Radio calls to the North of us either were unproductive or unanswered. The information we received from Little City over the hill was simply more of what we saw: much more smoke and a glow in the distance. Farther away, Epicurus related the same, except looking South in their case. From Cato, there was nothing at all.

Tonight Young Xerxes came boiling in. They finally had a message from Cato, who had been away setting backfires all week. It was only this very day that they could send someone out to get a view of what had happened.

It was a fire. A fire, it appears, that somehow swept South to consume the field of wheat

How did it happen? Who knows. A random lightning strike? Such things are not unknown at this time of year. Or maybe human set, a traveler cooking dinner? Possibly done in anger? - That makes no sense, but so little makes sense now.

As you can imagine, a fire on a field of essentially dry grass after two weeks (at least) of a very hot and dry season leaves little in its wake.

Cato is apparently fine: this has happened before in their family’s history and they had a plan. But the fire – it still burns around them and down; with nothing to stop it (other than rain or burning out – either seemingly unlikely at this point).

This is fresh from Young Xerxes and I have no more time to digest it than it took me to write this to you. I need a party – a neutral one, even if absent – to absorb this with.

Is the wheat completely gone? I have no idea. Likely Cato has far too many other things on his mind now and Euripides is too far away to assess, even if he was able. But it is safe to assume that, given the time of year we are in, any chance at this point of gathering anything is simply gone – if there is anything left to gather.

I have tried to parse this all out in my head – my calculations, for all that Pompeia Paulina has urged and suggested, are still locked away in there. What keeps coming back to me is nothing times nothing is nothing.

Other than relaying the news, the look on Young Xerxes face – the shock and bewilderment – tells me all I need to know about any plans that had been laid to this point or had been contemplated.

I look out over the burnt orange sky and this small plot of land, Lucilius, and all of a sudden all of my fears are realized. There really is nothing now except what we have here or what we can scrounge locally.

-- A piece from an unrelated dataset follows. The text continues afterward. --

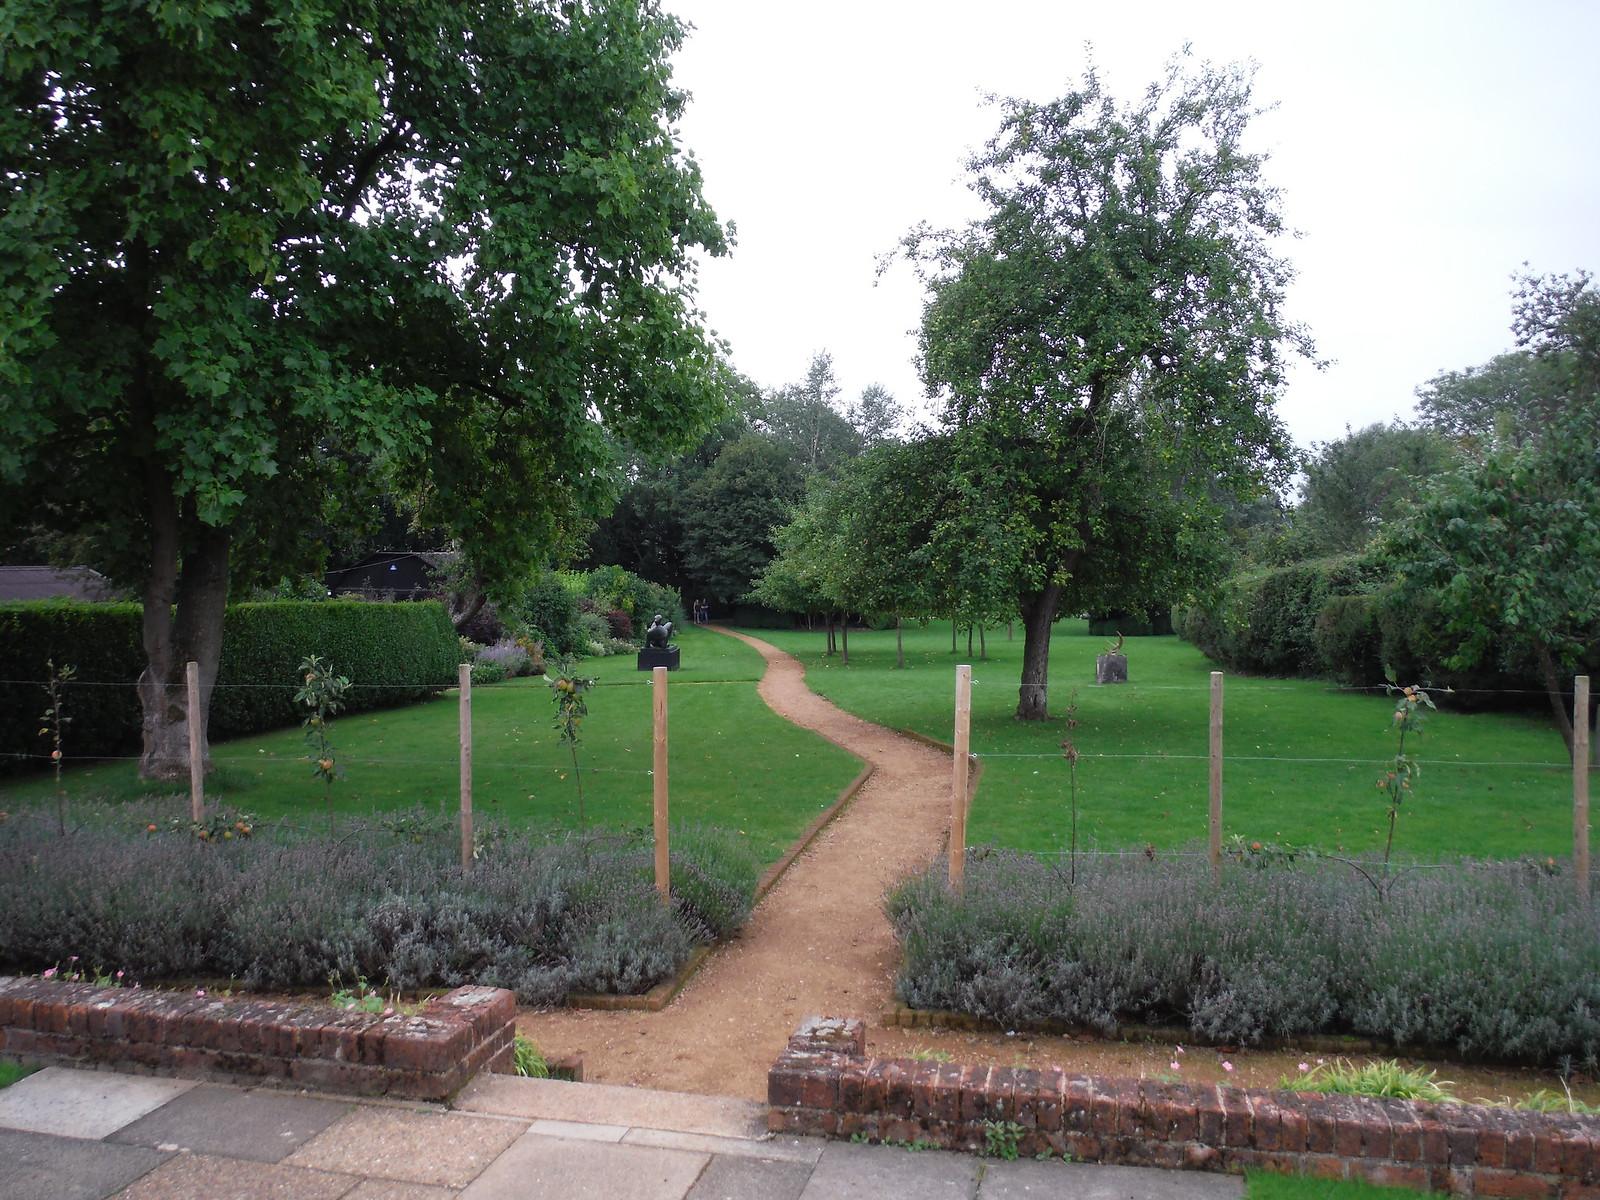 Henry Moore Foundation from Hoglands' terrace SWC Walk 164 Roydon to Sawbridgeworth via Henry Moore Foundation

Perhaps it was fortuitous that Pompeia Paulina turned me aside to other things in advance. Even with not planning for that wheat – but oh, how sweet it would have been - I now feel even more exposed, personally and for the larger group.

The Collapse, at least, I thought I could see coming. This, there was simply no planning for.

As a coda to what has been the Summer no-one anticipated and perhaps a sign from a universe possessed of irony, it has begun to rain even as I write.